Labor and Employment: Recent Legislative and Regulatory Activity Will Impact the Payment of Wages in New York
November 8, 2015
By: Andrew D. Bobrek
October saw a flurry of activity from workplace regulators in New York, and employers should take note of several recent legal developments.
First, Governor Andrew Cuomo recently signed legislation extending a so-called "sunset" provision in prior amendments to New York’s wage deduction statute – Section 193 of the New York Labor Law. Those amendments, enacted in 2012, broadened the scope of permissible wage deductions under state law, including deductions for certain overpayments and advances. Absent legislative action, the amendments were set to expire this month, which would have caused Section 193 to revert to its prior, more restrictive form. These amendments will now be extended for another 3-year period. Notably, this recent legislative action serves to concurrently extend existing deduction-related regulations promulgated by the New York State Department of Labor (NYSDOL). Among other things, the regulations set forth detailed requirements which employers must follow in order to lawfully deduct to recover overpayments and advances.

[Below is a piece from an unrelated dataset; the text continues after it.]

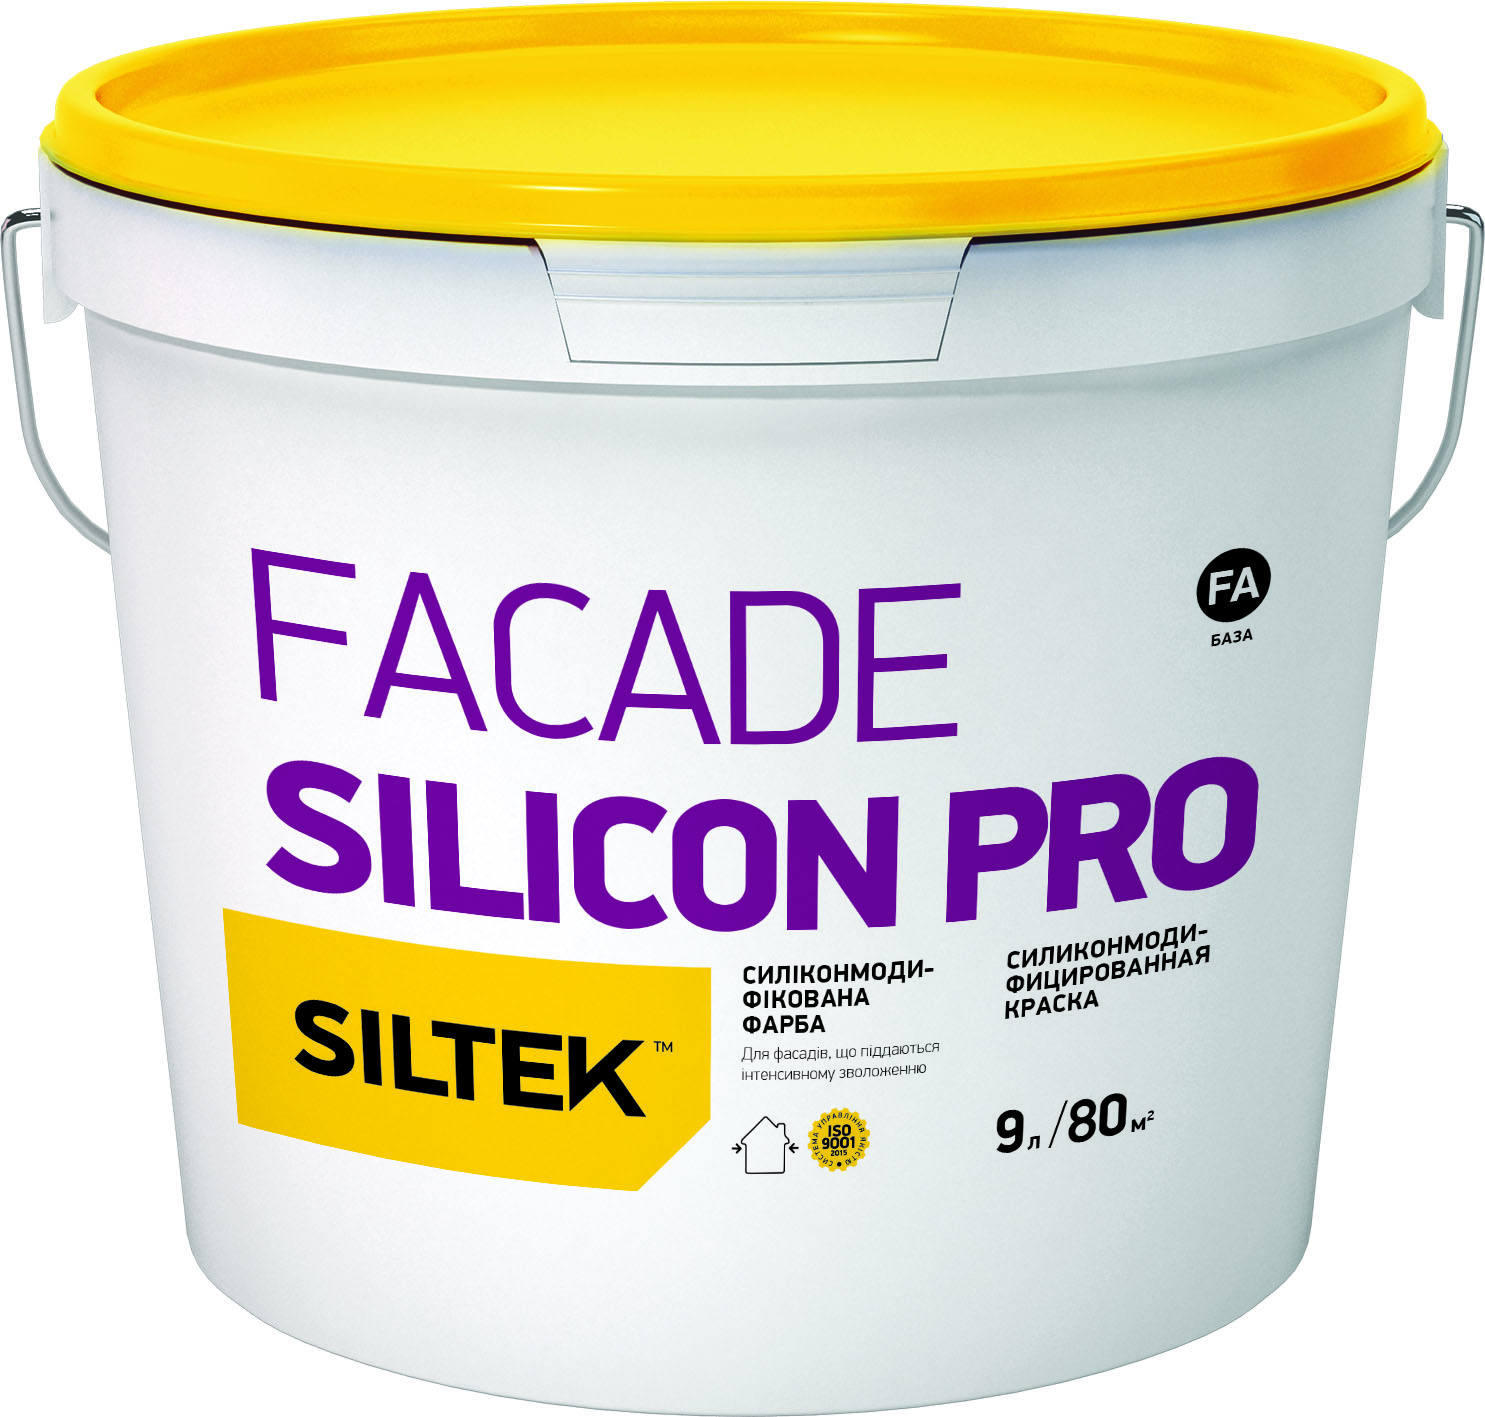 SILTEK Facade Silicon Pro
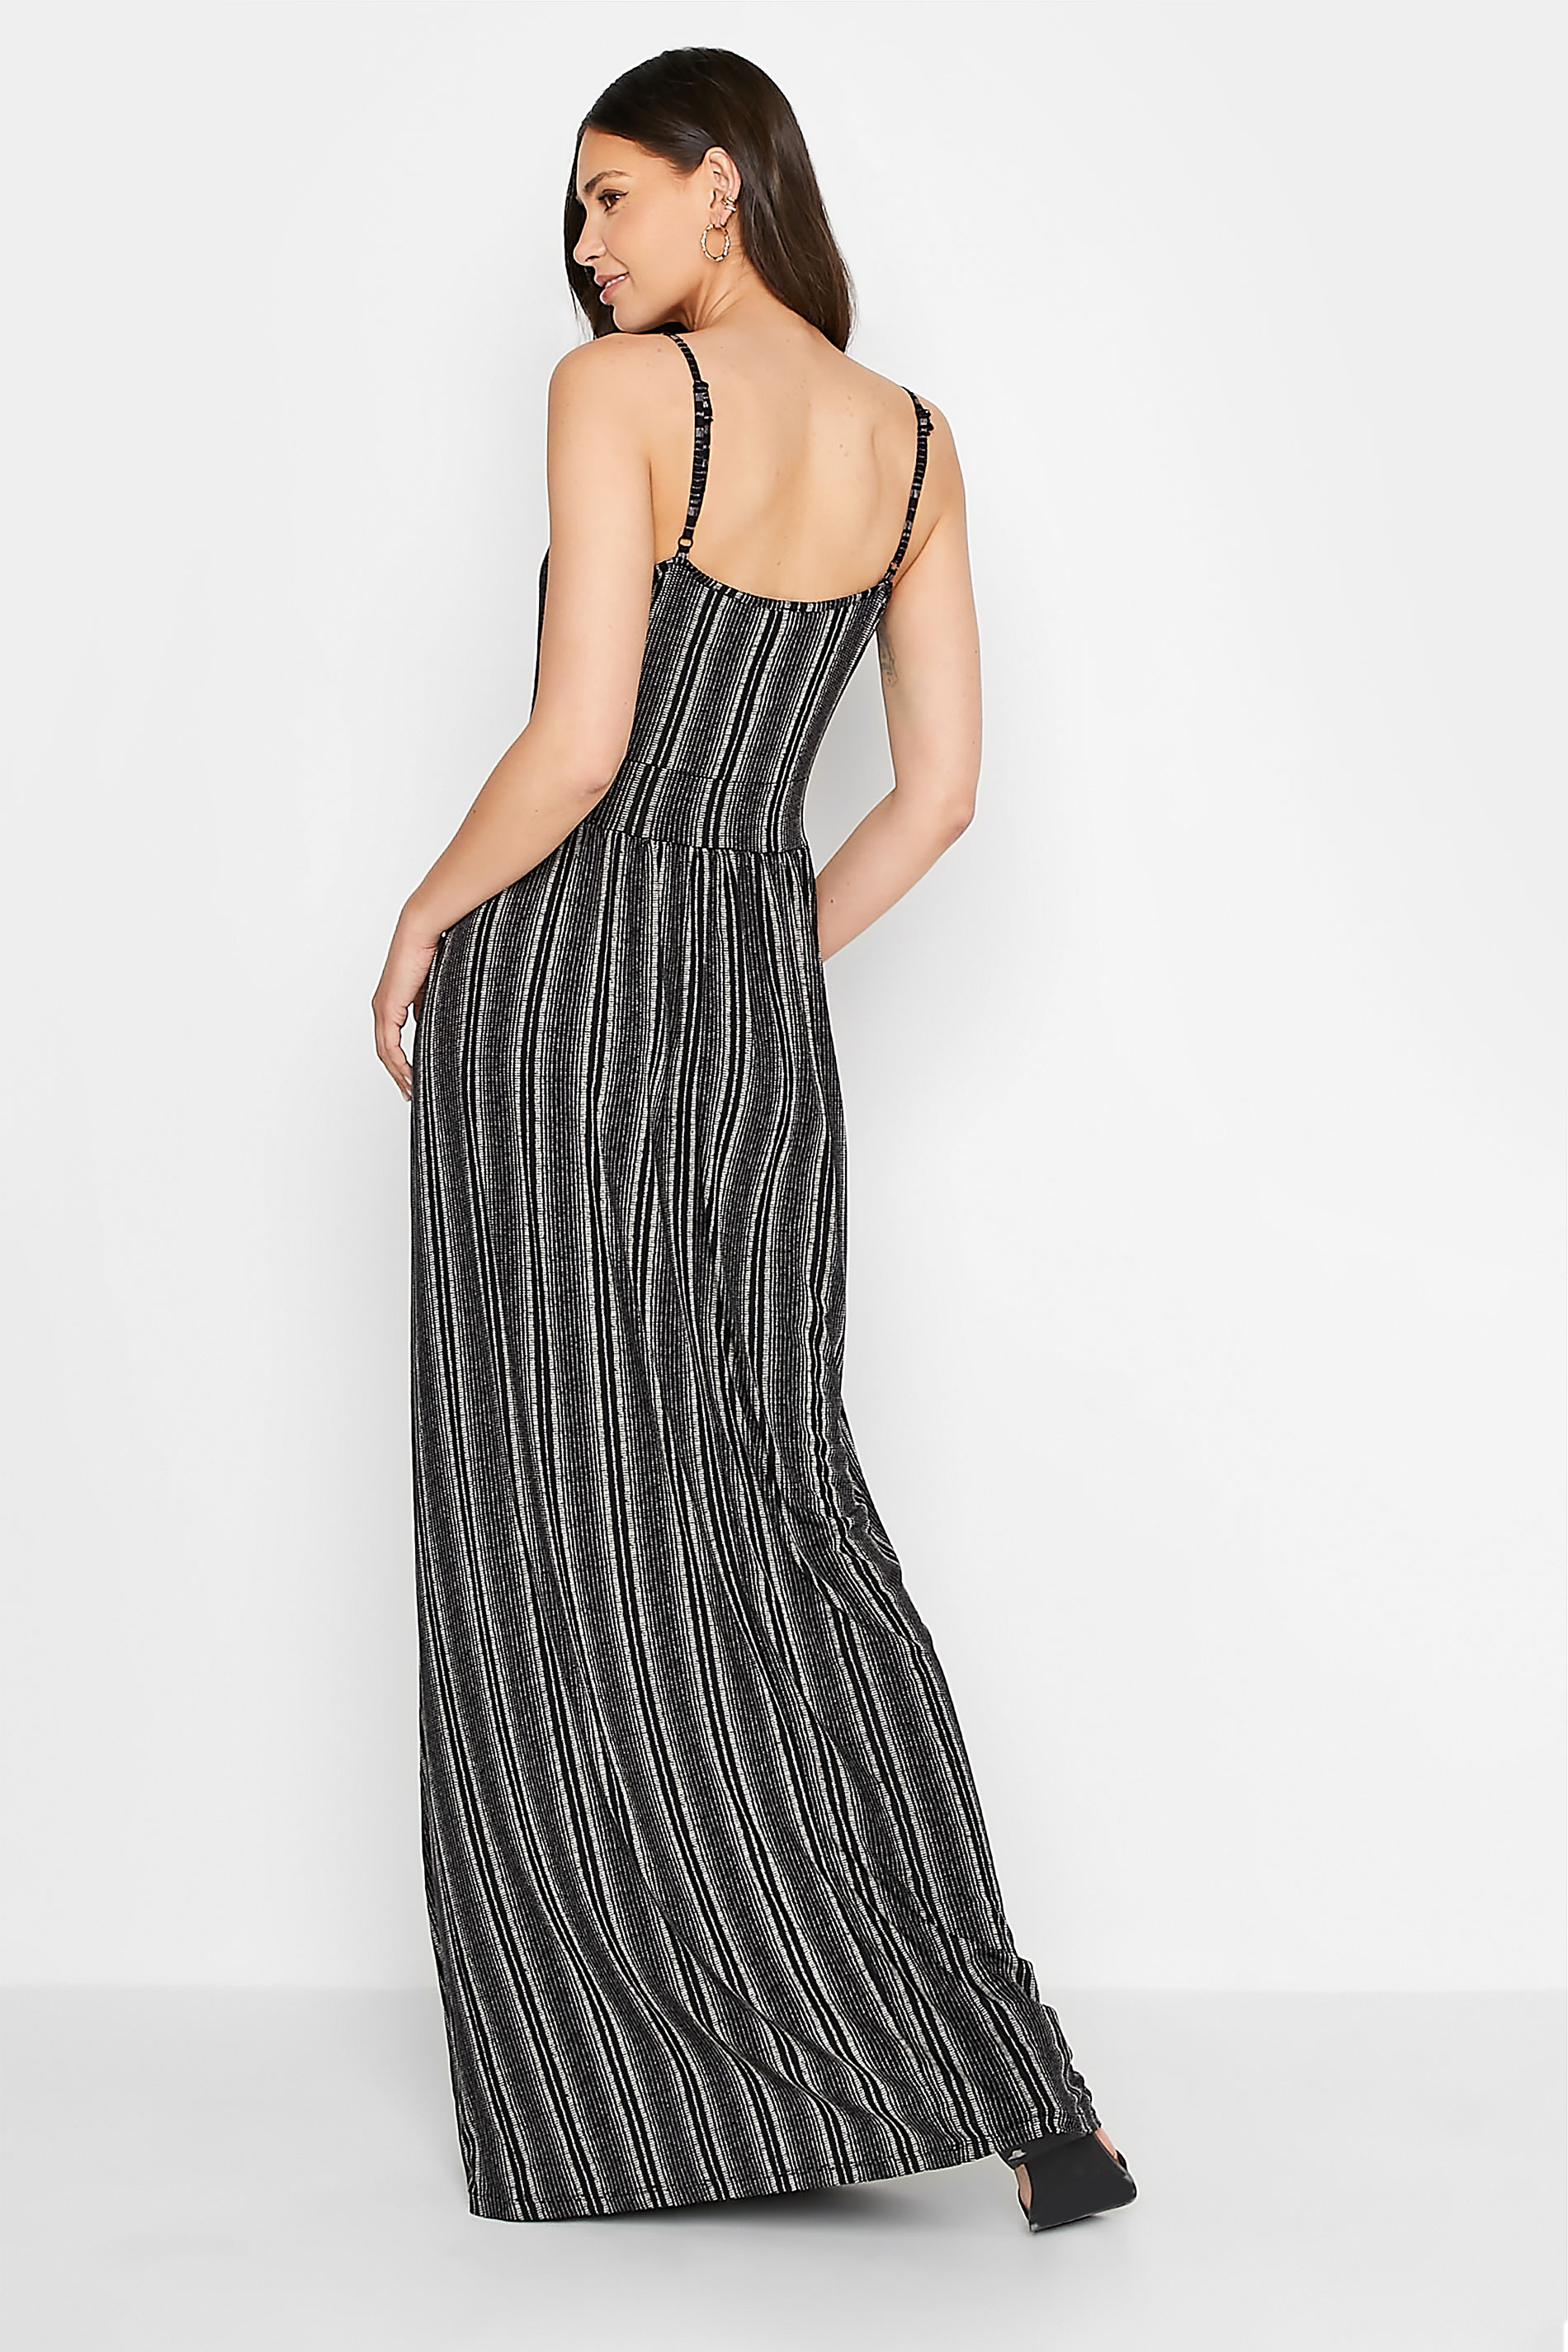 LTS Tall Black Striped Maxi Dress | Long Tall Sally 3

Second, the NYSDOL proposed revised regulations on October 28, 2015, governing the payment of employee wages via payroll debit cards, direct deposit, and other means. These revised regulations – which are not yet final or effective – would impose a number of new requirements regarding how employers pay their covered employees. As reported in the June 23, 2015 New York Labor and Employment Law Report article, the NYSDOL initially proposed regulations on this same subject earlier this year, which were open for an extended public comment period. The recently-issued revised regulations contain several changes from what NYSDOL originally proposed, ostensibly in response to feedback it received during the prior public comment period. On balance, the newly-revised version provides better clarity on certain requirements and may also render implementation of payroll debit card programs more feasible for employers. As additional good news for employers, NYSDOL has indicated that there will be a six-month delay in the effective date once the revised regulations are adopted and published in final form. The specific requirements proposed in the revised regulations can be accessed here, and are open for another 30-day public comment period.
Third, the NYSDOL published proposed regulations on October 21, 2015, which would implement the recommendation of Governor Cuomo’s Fast Food Wage Board to raise the minimum wage for fast food workers to $15 per hour. NYSDOL’s Commissioner subsequently adopted this recommendation, which will now proceed through New York’s rulemaking process. The proposed regulations are presently open for a 45-day public comment period. Businesses and their advocates in New York have opposed this drastic change and have questioned the NYSDOL’s authority to enact such an industry-specific raise without legislative action. It is expected that there will continue to be considerable opposition to this proposal, that there will be significant public commentary provided through the rulemaking process, and that opponents will, if necessary, assert a legal challenge to the proposed change.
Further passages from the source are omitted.